Level AI Is Best For
Level AI is best suited for mid-market to enterprise contact centers with 100 or more agents that are looking to modernize quality assurance, boost agent performance, and extract actionable Voice of Customer insights without building custom AI infrastructure. It is an ideal fit for industries like financial services, insurance, healthcare, and telecom where call volume is high and compliance-driven QA is a priority. CX operations leaders, QA managers, and workforce optimization teams will get the most value, particularly those currently relying on manual spot-check QA processes that cover only 2 to 5 percent of interactions. Budget expectations are enterprise-tier, with custom pricing that typically reflects the scale of agent seats and interaction volume.
Rasa Is Best For
Rasa is the right choice for organizations with dedicated AI or conversational engineering teams — typically 3 or more NLP and backend developers — who need to build highly customized virtual agents or chatbots that existing SaaS platforms cannot accommodate.

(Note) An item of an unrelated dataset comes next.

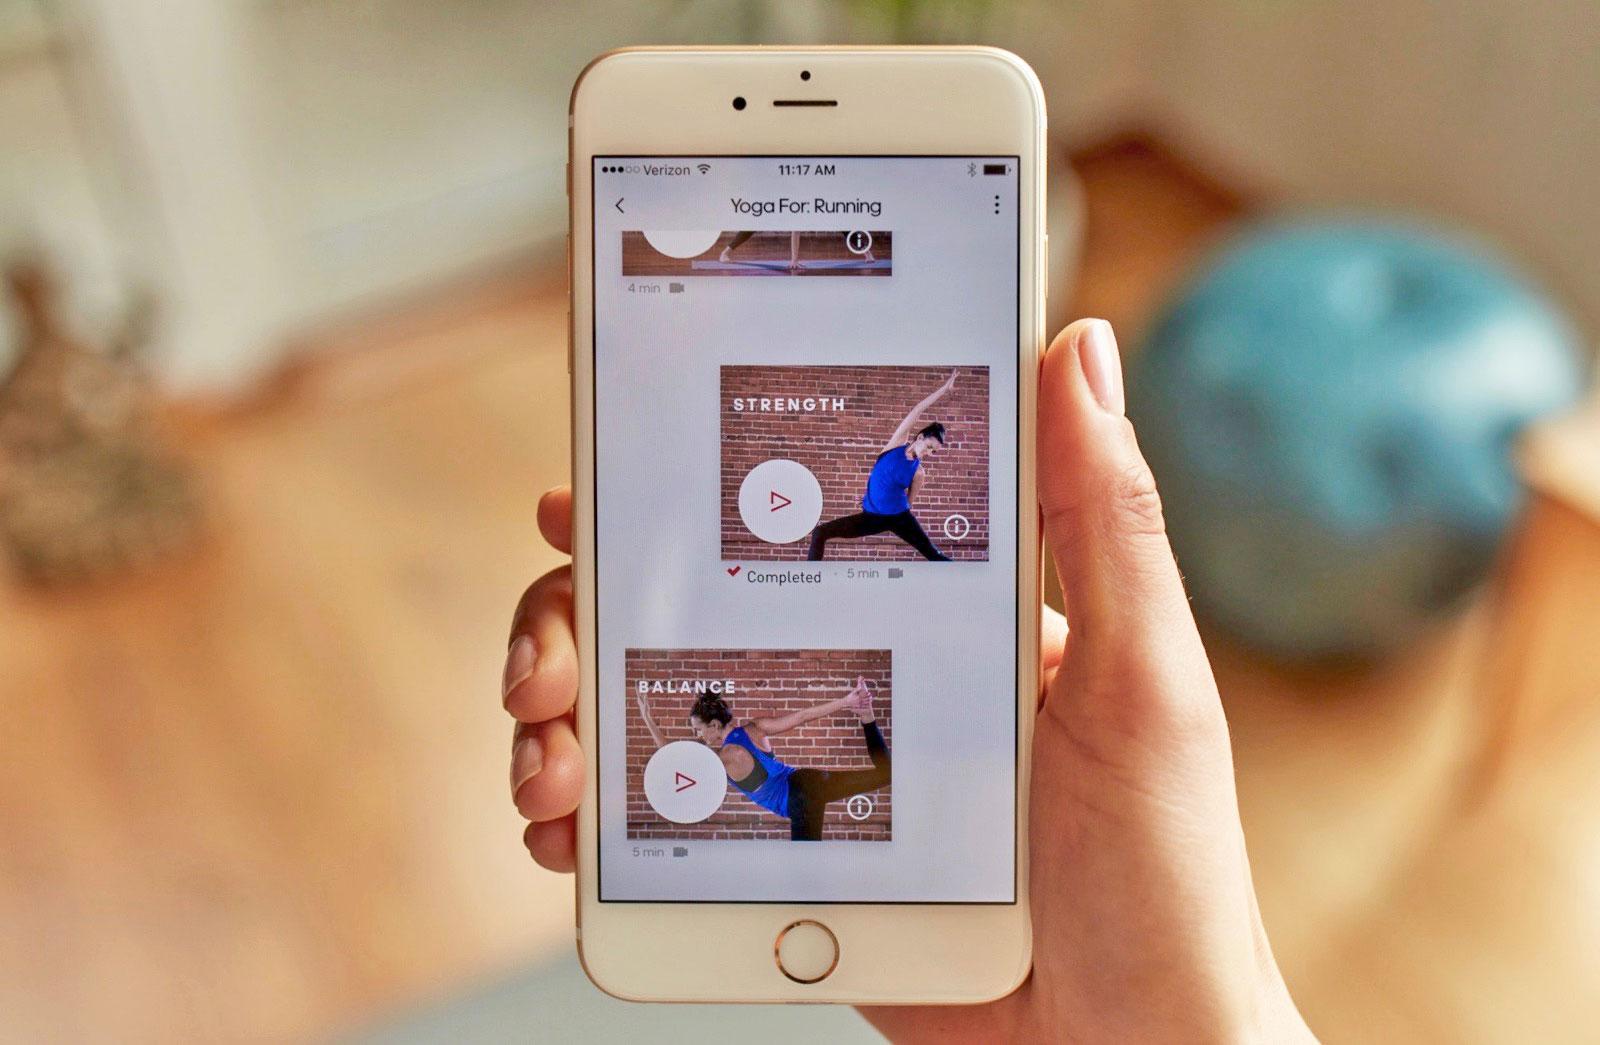 تطبيق All Day من أديداس لتحسين اللياقة البدنية ولجميع المستويات
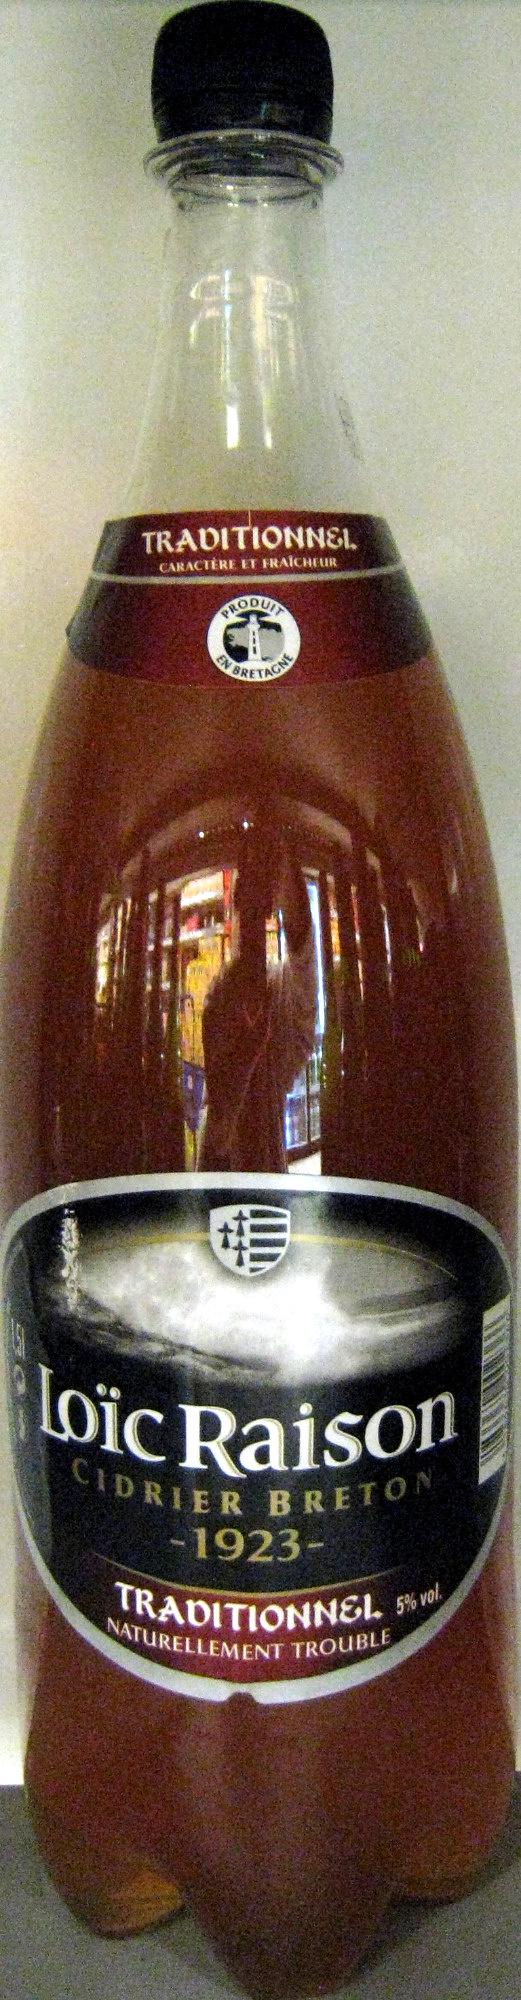 Cidre Breton traditionnel naturellement trouble - Produit - fr

It excels in enterprise environments with strict data residency requirements, complex multi-turn dialogue needs, or highly specialized industry vocabularies such as banking, healthcare, or telecommunications. Companies that want to avoid per-conversation SaaS pricing and instead own their infrastructure long-term will find Rasa's open-source core and self-hosted enterprise tier economically attractive at scale. Rasa is also a strong fit for organizations already invested in platforms like Twilio, Genesys, or AudioCodes that want deep, custom integration rather than pre-built connectors.
The Verdict
Choose Level AI if your organization runs a high-volume contact center and needs a fully managed, fast-to-deploy solution for automated QA, real-time agent coaching, and Voice of Customer analytics — especially if your team lacks AI engineering resources and wants measurable impact on agent performance within weeks. Choose Rasa if you have a skilled conversational AI engineering team, require on-premises or private cloud deployment for compliance reasons, or need to build a deeply customized virtual agent that integrates with proprietary systems in ways that off-the-shelf platforms cannot support. The deciding factors come down to build versus buy, time to value, and whether your primary need is optimizing human agents or deploying autonomous conversational AI.